Brief. Please transcribe the listing below in full and word for word, without its pictures.

Dataset excerpt.
- - - -

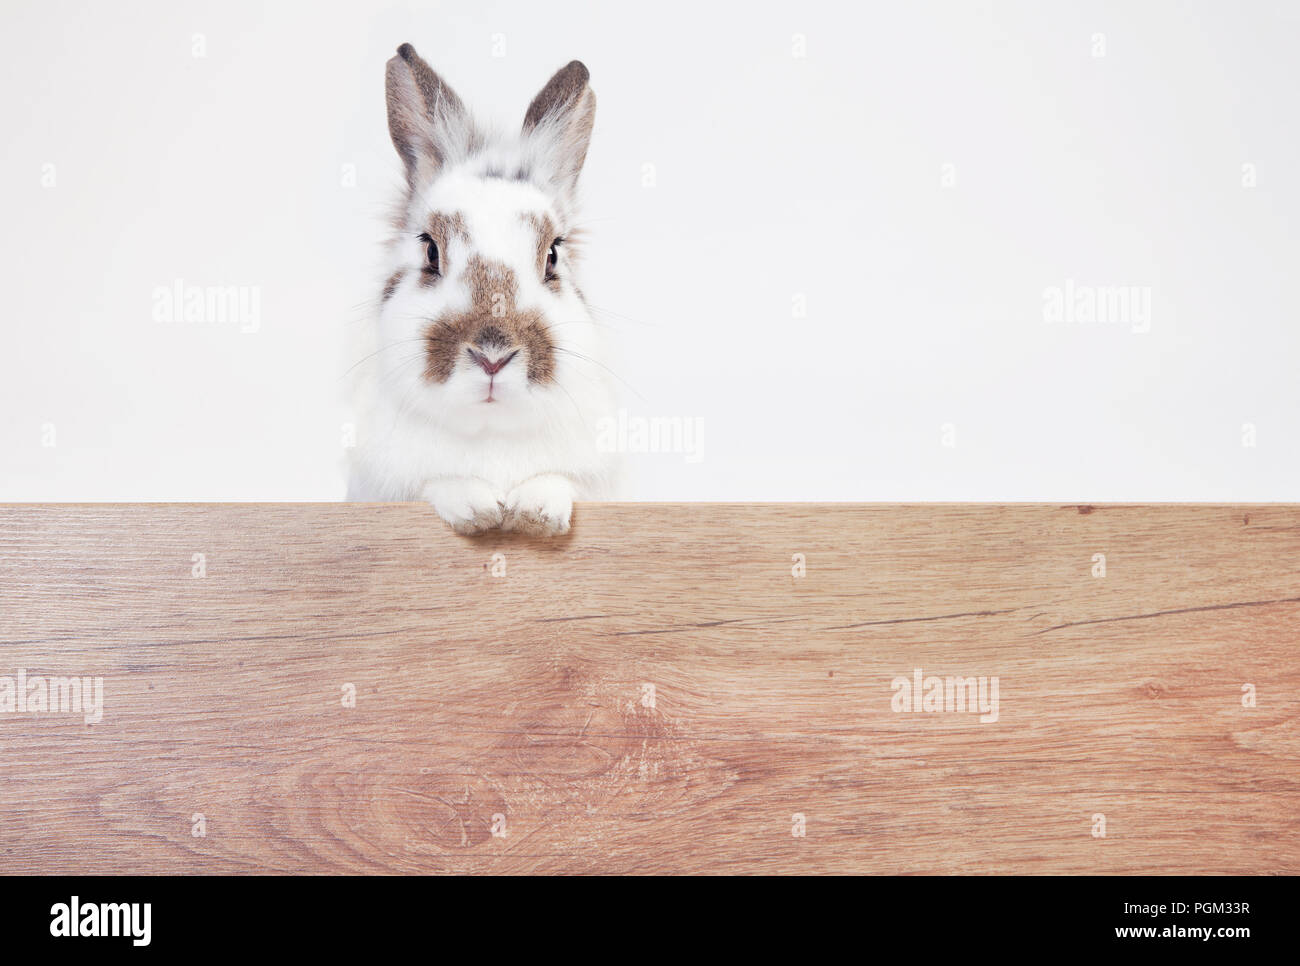 a white-brown rabbit looks into the camera over a wooden board. Background white Stock Photo
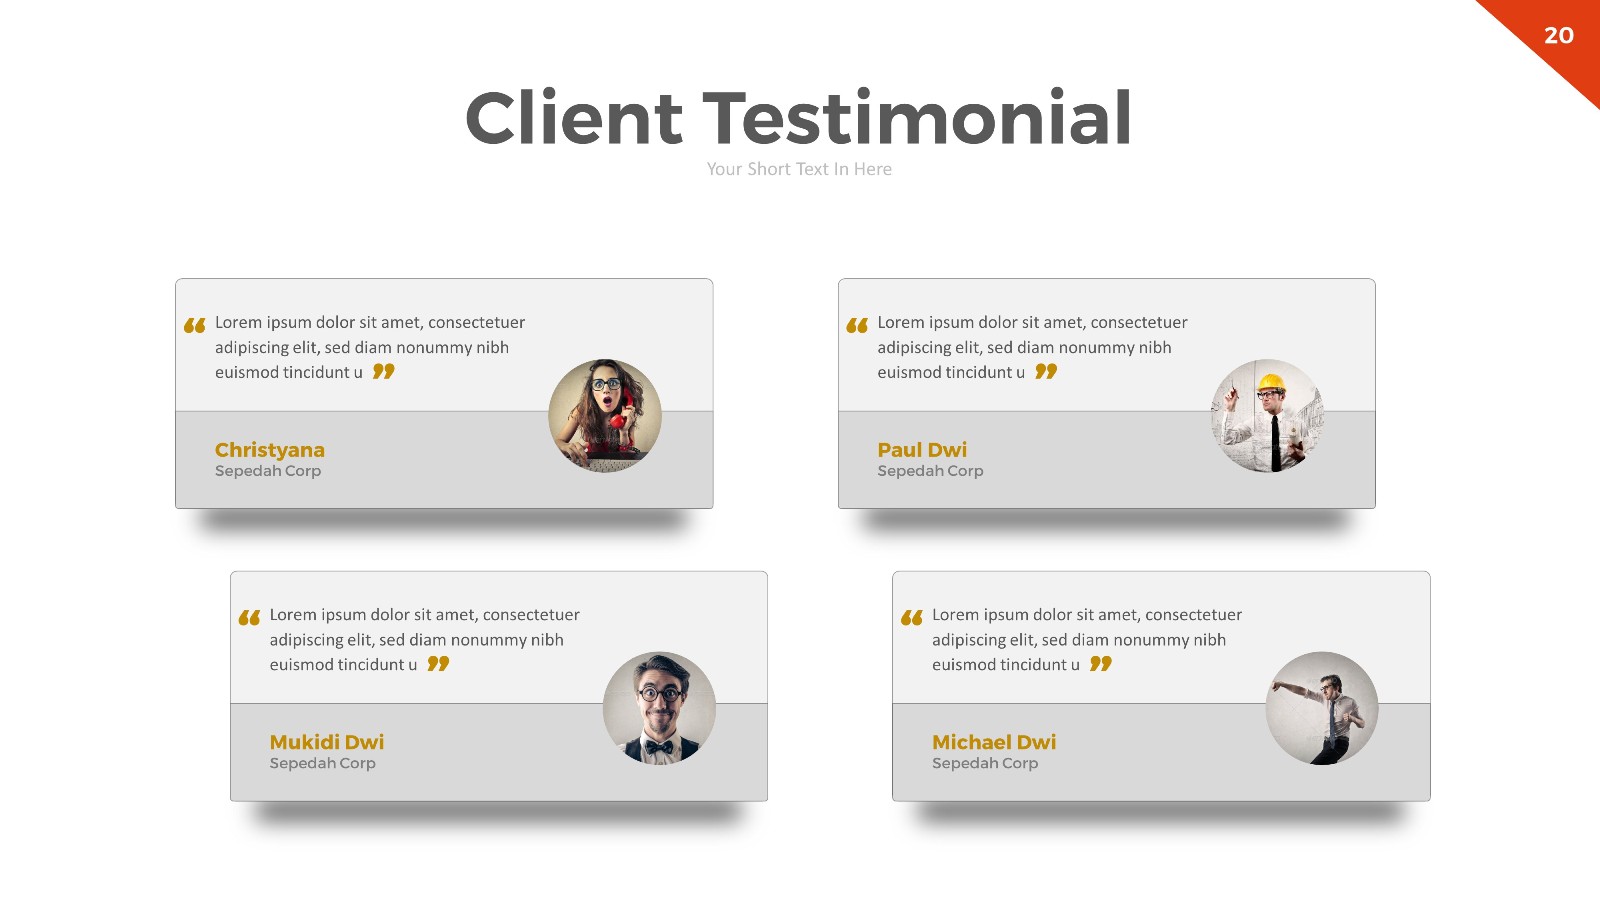 Testimony PowerPoint Template by RRgraph | GraphicRiver
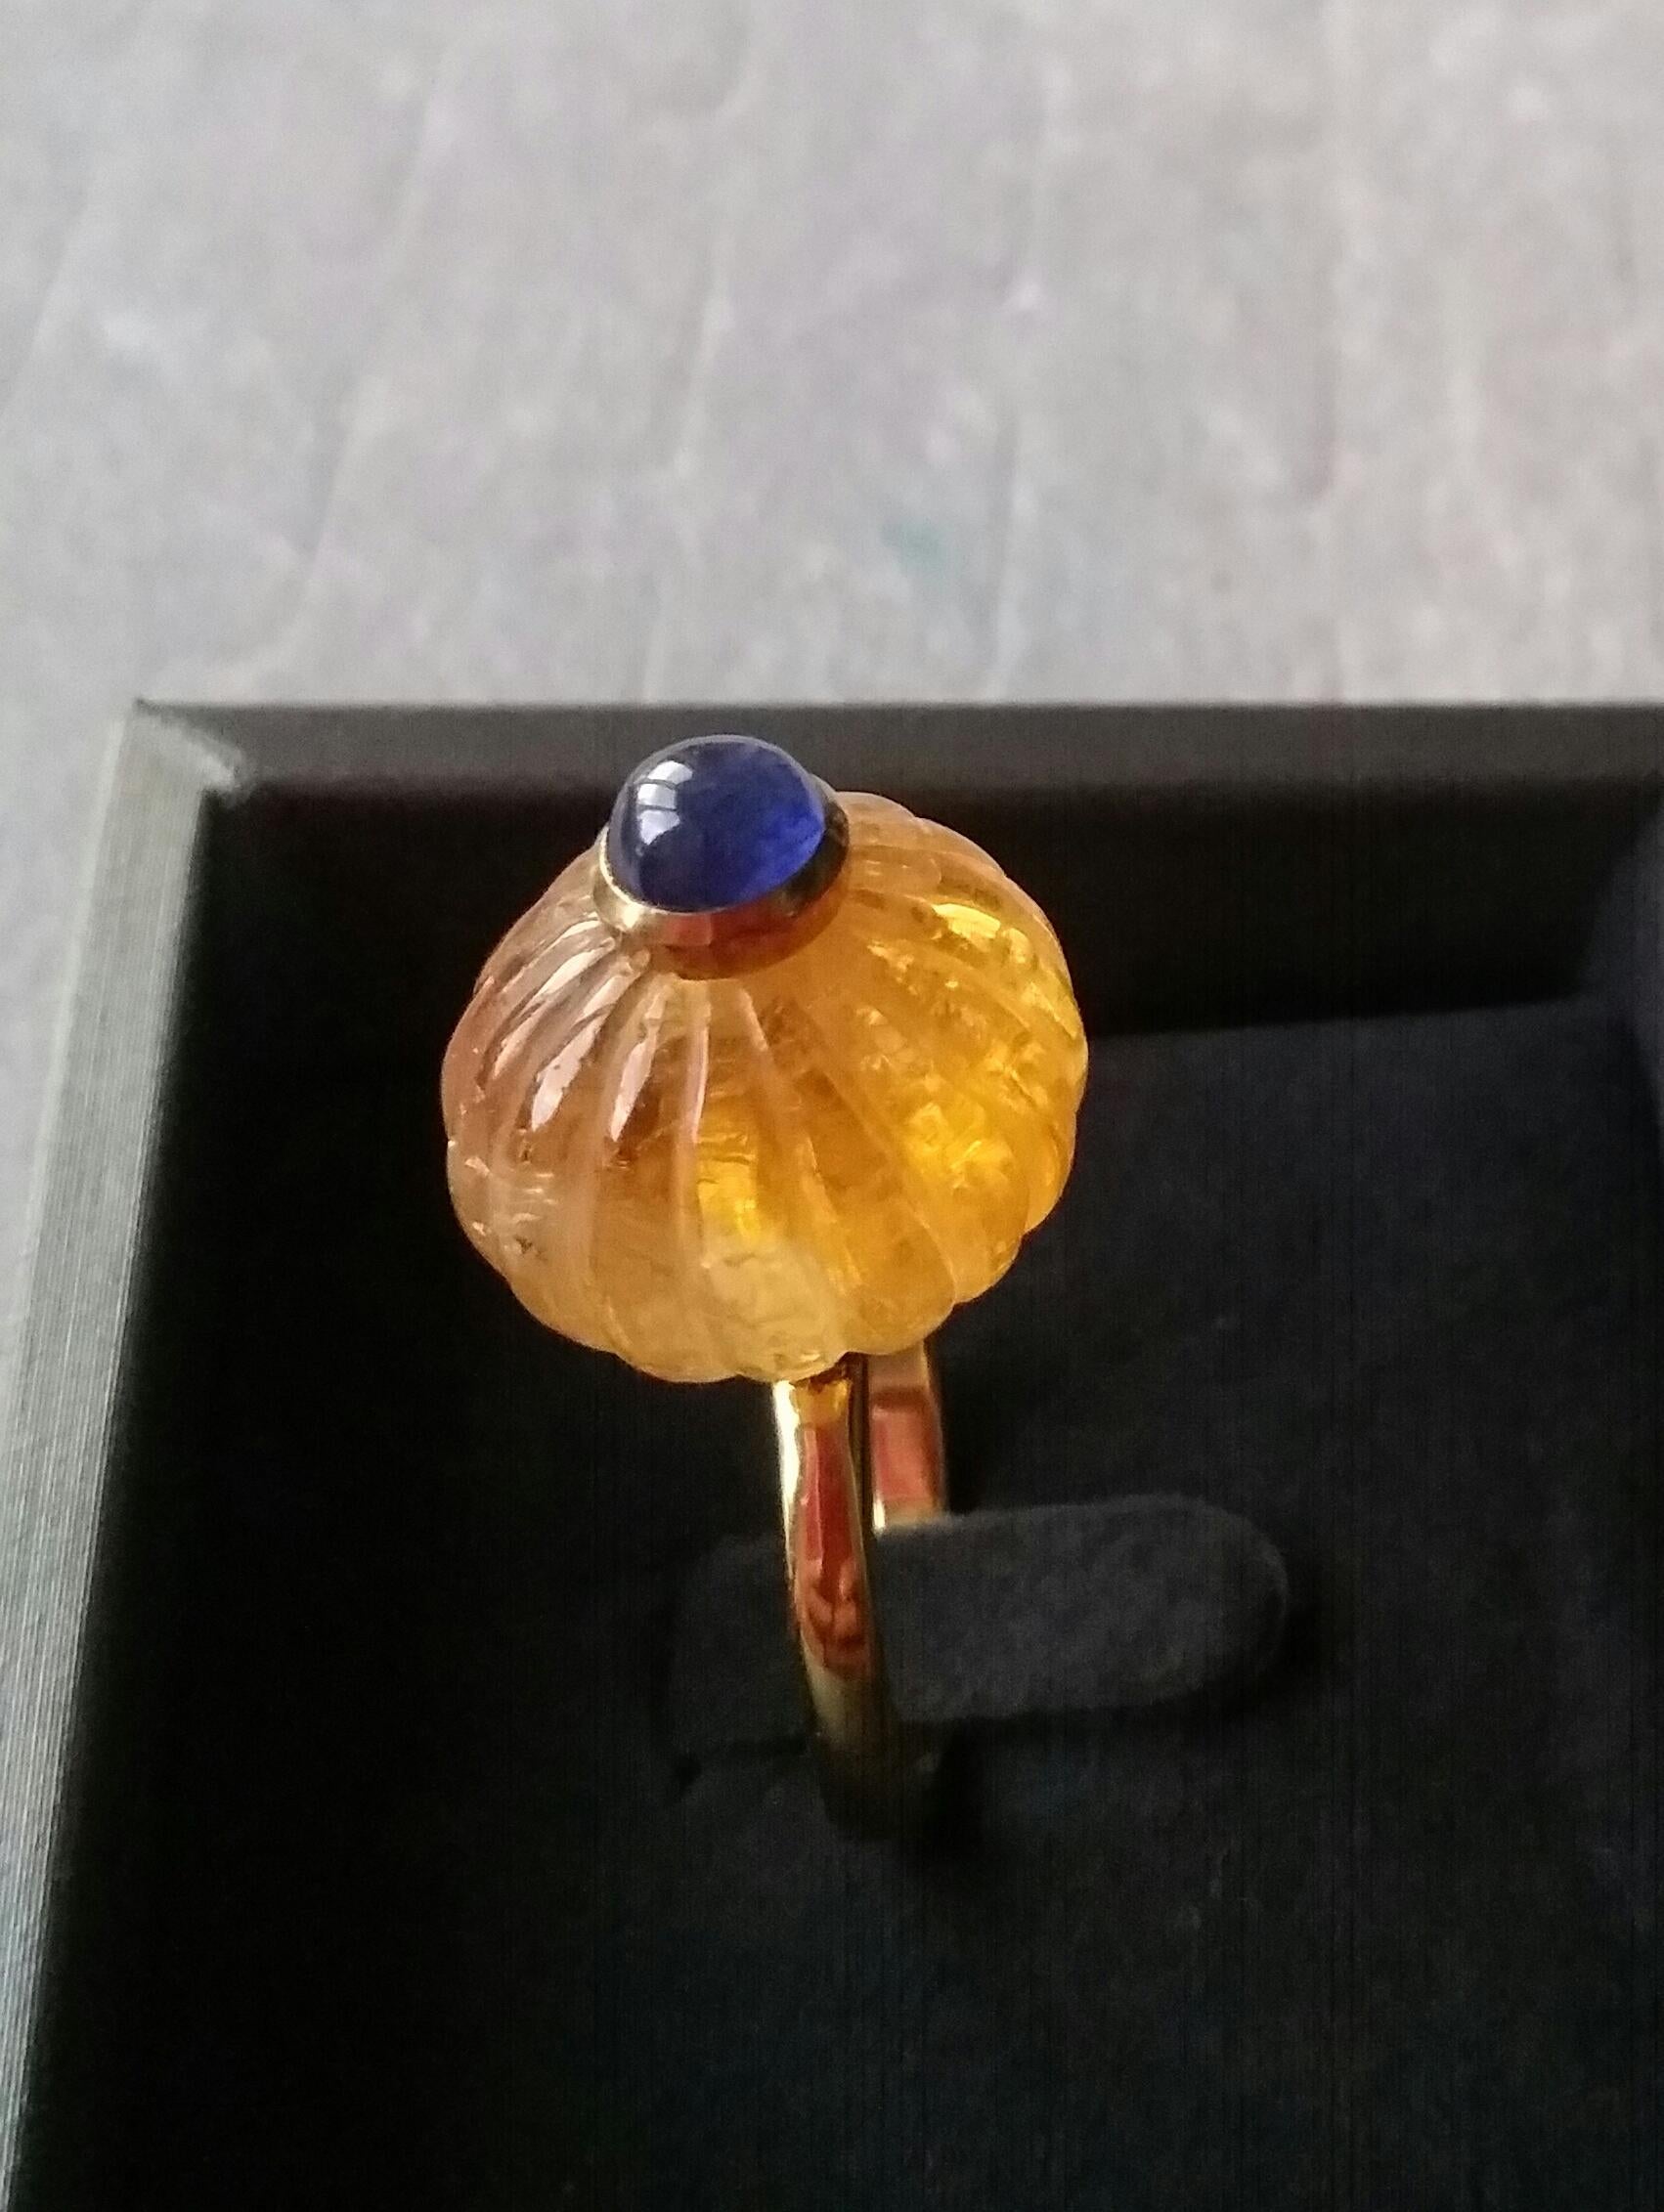 Melon cut Citrine Quartz Round Bead  of 16mm. in diameter and 14 mm. thick with in the center a round blue Sapphire cabochon of 8 mm. in diameter in the  is mounted on top of a 14 Kt. yellow gold shank.
In 1978 our workshop started in Italy to make

- - - -

Output of the task.
 a white-brown rabbit looks into the camera over a wooden board. Background white Stock Photo
 Testimony PowerPoint Template by RRgraph | GraphicRiver
 Melon cut Citrine Quartz Round Bead  of 16mm. in diameter and 14 mm. thick with in the center a round blue Sapphire cabochon of 8 mm. in diameter in the  is mounted on top of a 14 Kt. yellow gold shank.
In 1978 our workshop started in Italy to make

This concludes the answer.